The women's tennis team has won six regular-season SLC titles, its last in 2011. The men's tennis team won the SLC championship in 2010 and the SBC championship in 2016. The men's golf team won the SLC championship in 2005 and 2011. In 2017, UTA established a women's golf program.

The Movin' Mavs men's wheelchair basketball team, established in 1976, has won ten national titles (the most recent in 2022). Founded by UTA alumnus Jim Hayes as the Freewheelers in 1976, the team joined the National Wheelchair Basketball Association in 1988 and changed its name to the Movin' Mavs. After winning its third consecutive national championship in 1993, the team was invited to the White House by President Bill Clinton. In 2002, the Movn' Mavs were the first college team to make the semifinals of the professional-division National Wheelchair Basketball Tournament. In October 2009, James Patin of the Movin' Mavs wheelchair tennis team won a national championship, and the wheelchair tennis team won the ITA/USTA Intercollegiate Wheelchair Tennis National Team Championship in October 2014. UTA established a women's wheelchair basketball team, commonly known as the Lady Movin' Mavs, in fall 2013. They won their first NWBA National Intercollegiate Wheelchair Basketball Tournament in March 2016, and their second national championship in March 2018. Five members (or alumni) of the Movin' Mavs and Lady Movin' Mavs competed in wheelchair basketball at the 2016 Summer Paralympics: Abby Dunkin, Aaron Gouge, Rose Hollermann, Mike Paye, and Jorge Sanchez.
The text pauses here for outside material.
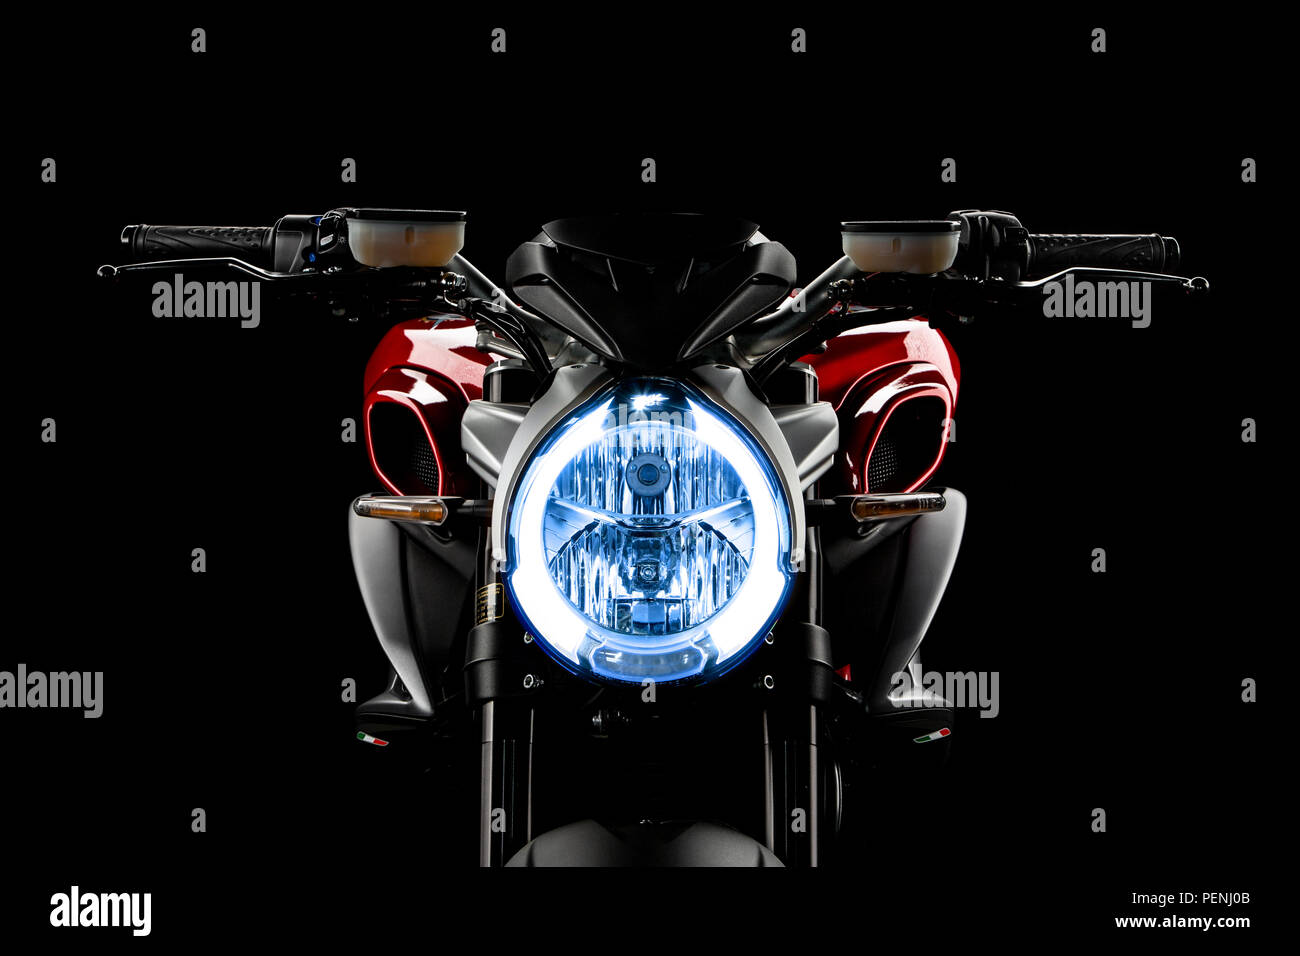 Studio image d'un 2018 MV AGUSTA BRUTALE 910 moto sur un fond noir. Banque D'Images

The UTA cheer squad has won national championships in its division in 2010, 2014, 2015, 2016, 2017, and 2018.

In 1982, UTA mechanical-engineering professor Robert Woods created a Formula SAE team which designs and builds a competitive race car every year. The UTA Formula SAE team has won national and international competitions, and was ranked fifth worldwide in 2014. The team won its first international competition in September 2004, against 26 other cars in Japan. In September 2015, it won the Sports Car Club of America Nationals.